Maybe it won't be some sweeping change; certainly it won't be a government program, because those programs always fail (yes, even Head Start, because within a few years, the culture overwhelms whatever temporary advantages the program caused).
Maybe it'll just be one family at a time making the right decisions and inculcating a very different, positive, optimistic culture in their children.
If you look for racism and oppression, you can always find it, whether it's there or not. If you look for opportunity and you work hard, you won't always succeed -- but you'll be your own master, responsible for your own life. That's true regardless of race. Because, despite claims of "white privilege," there are still way more white welfare recipients and drug addicts than black ones or brown ones. The road to the bottom is open to all; but so is the road to the top.
Cultures can change. After all, I've watched the strait-laced, chaperoned, hard-working, polite society of the 1950s evolve into the profligate, hedonistic, lonely, abortion-loving nightmare of today. We changed ourselves because we read a few books and acted on a few fad ideas and then looked around and found ourselves in -- or near the borders of -- hell. Even if our life choices have kept us out of hell, we can all see it from where we are, and it's bigger and closer than ever.
Enacting a socialist agenda had no good effects in the Nordic utopias, and with the exception of Denmark, they have all rolled back many of the socialist programs and laws -- and many of the taxes, both open and hidden. Socialism didn't even work in those societies that seemed best suited for it; and socialism has had far worse effects in places like France and Italy and Spain.
The laws of economics can't be repealed by governments. Debunking Utopia shows that even the shining example of ideal socialism isn't real. It was the strength of the pre-existing culture that propped up and concealed the failures of socialism.
We have problems that need addressing.

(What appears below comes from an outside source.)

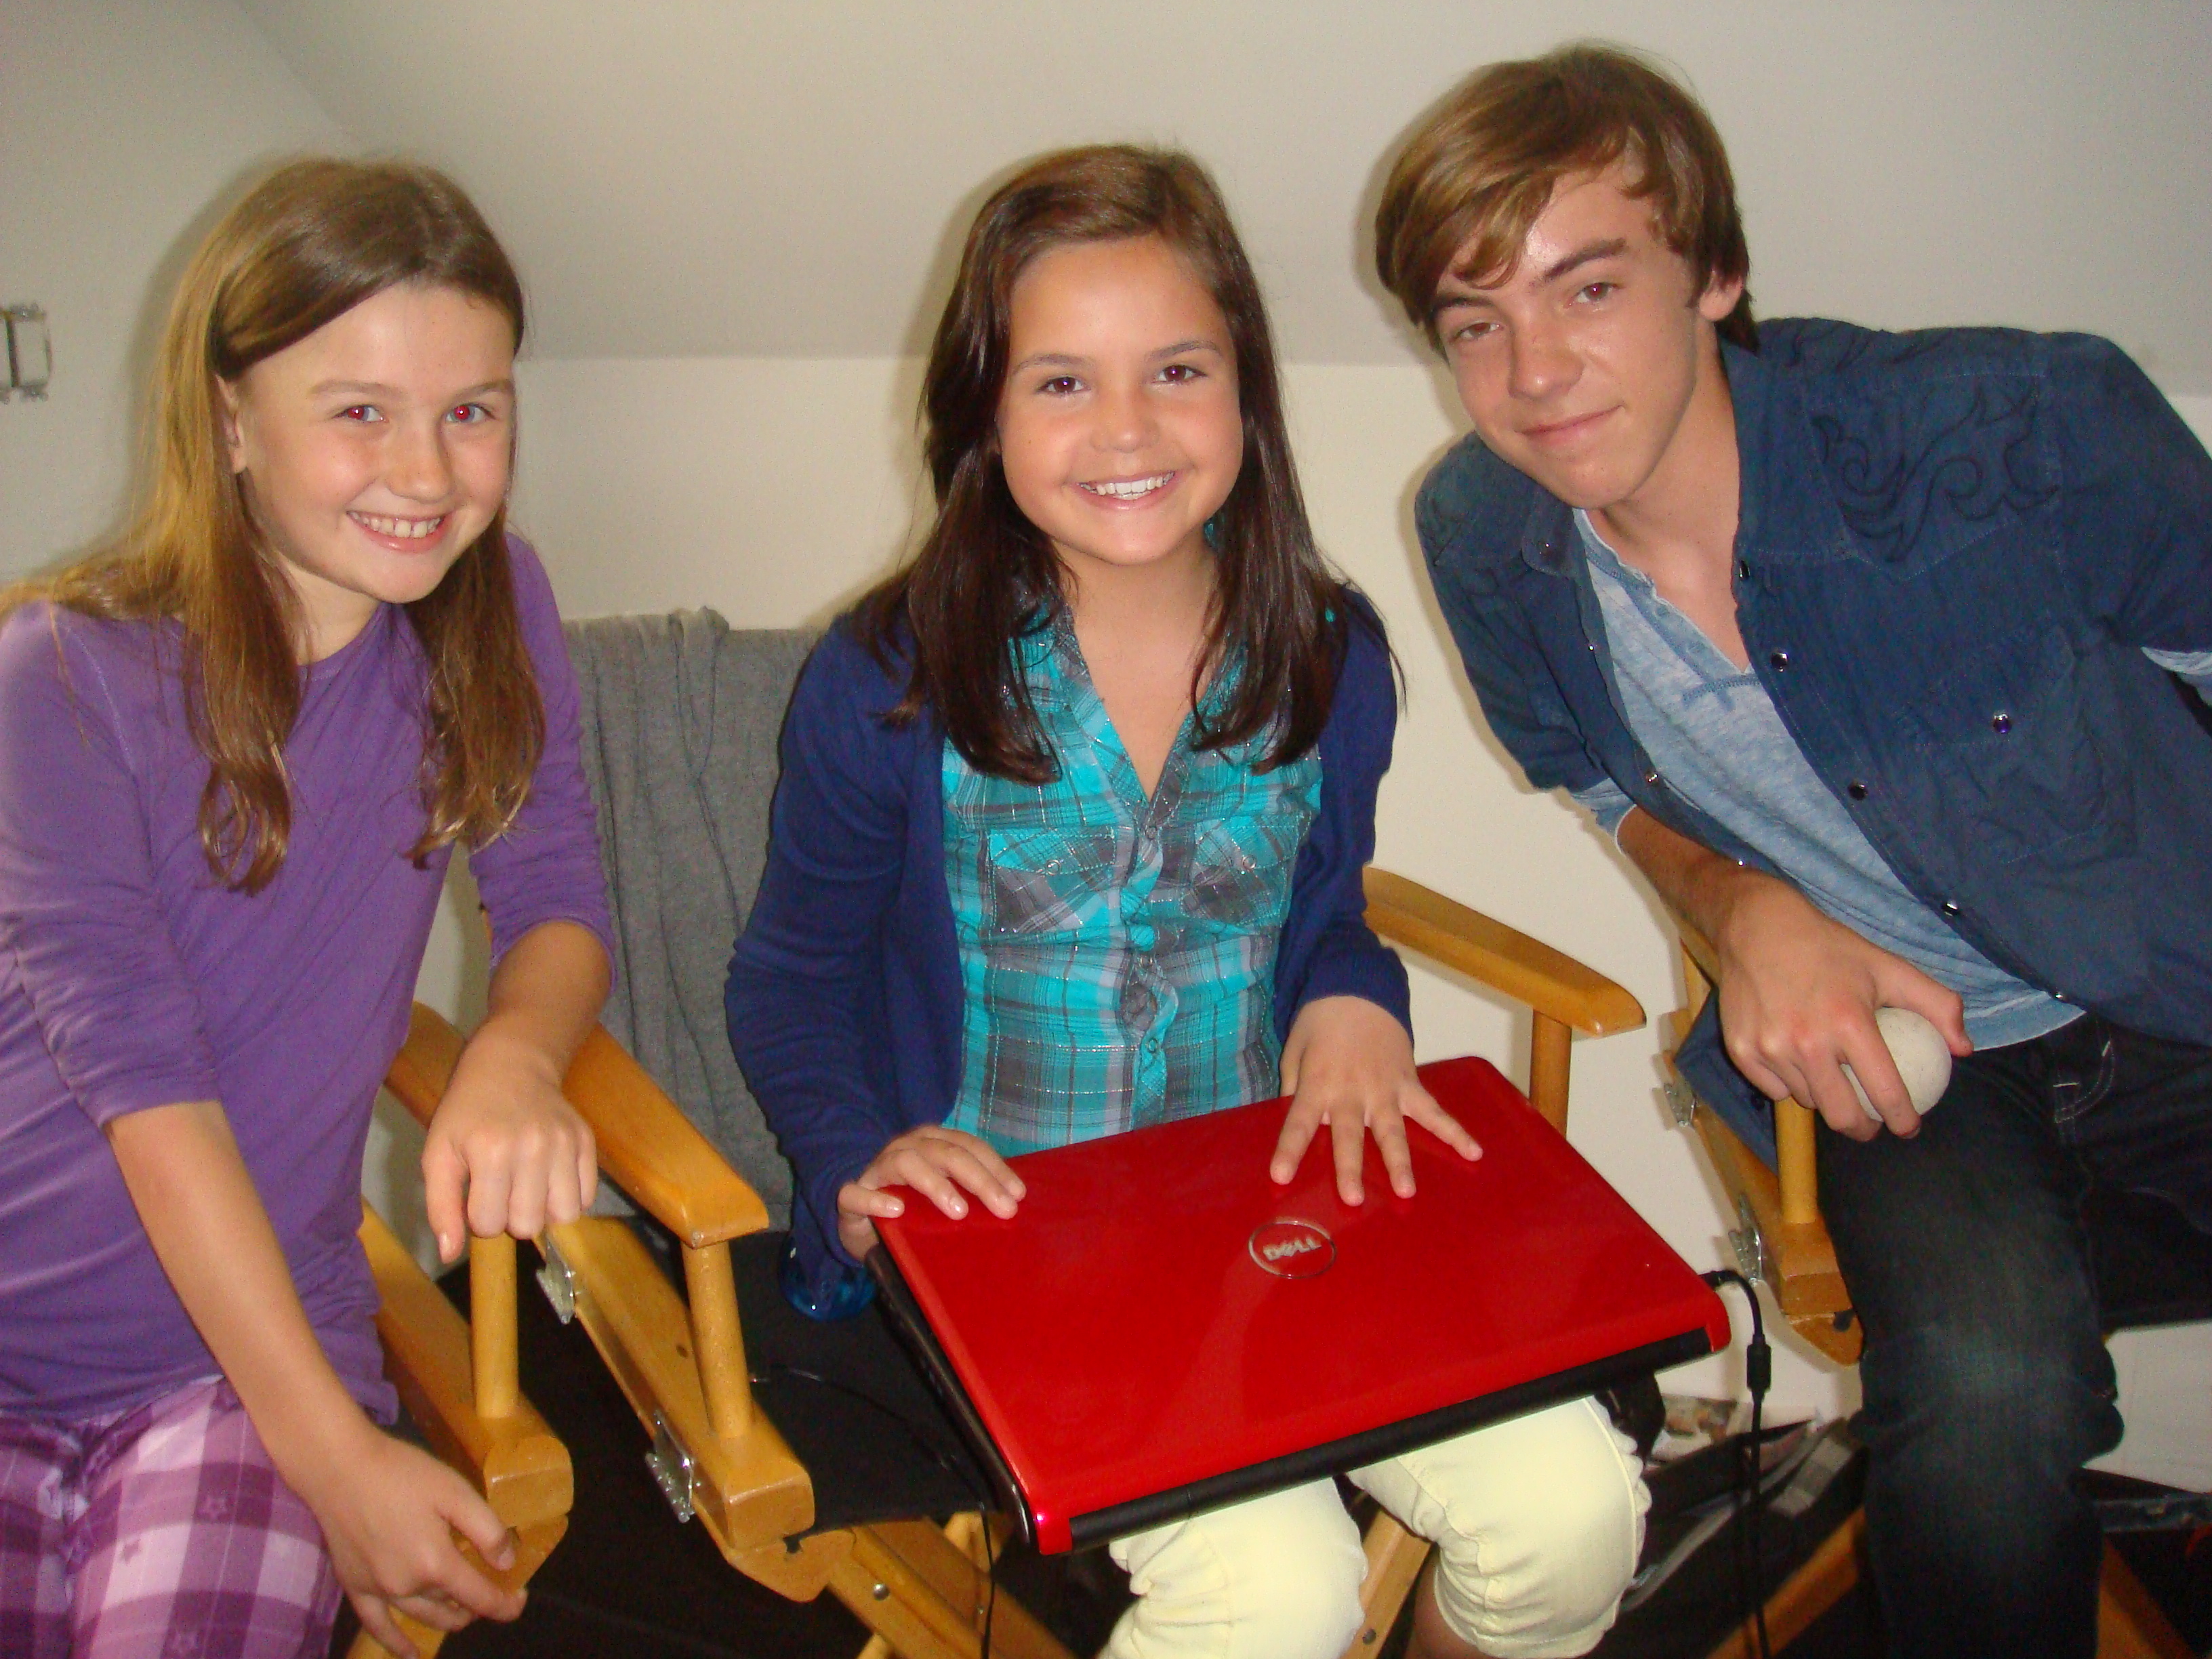 Haunting Hour, Vanessa with Bailee Madison, Connor Price

ObamaCare is a cobbled-together nightmare -- but the goal of getting everyone fair access to health care, regardless of income or preexisting conditions, is the right one. Socialism across a whole economy is disastrous, as we've seen again and again. But using a largely free market to create enough surpluses that we can afford to weave a strong safety net can succeed.

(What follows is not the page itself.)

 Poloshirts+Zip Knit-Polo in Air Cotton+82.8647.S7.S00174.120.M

We just need to have a Left that doesn't keep demanding more and more socialism regardless of outcome, and a Right that doesn't keep slamming the door in the face of the few socialist programs that make it possible to bear the capitalist system.
Socialism as a few islands in a sea of capitalism has been the American way for half a century or more. The only argument is where the islands should be, and how large, and how to pay for them.
It's worth reading Nima Sanandaji, Debunking Utopia: Exposing the Myth of Nordic Socialism because there's a lot of excellent, reliable information in it, covering a broad array of topics.
Sanandaji is not a conservative, and he's uncomfortable, as I am, with the absolute hostility many conservatives have to any social program. (I cringe when conservative friends on Facebook speak as if all welfare recipients were freeloaders, because they should know -- most of them do know -- that this is untrue and unfair.)
But good science has no party and no ideology. He went where the data took him, as good (i.e., non-climate) scientists always do, and now he's telling us that whatever it is we're trying to accomplish, the Nordic countries are not evidence that socialism works.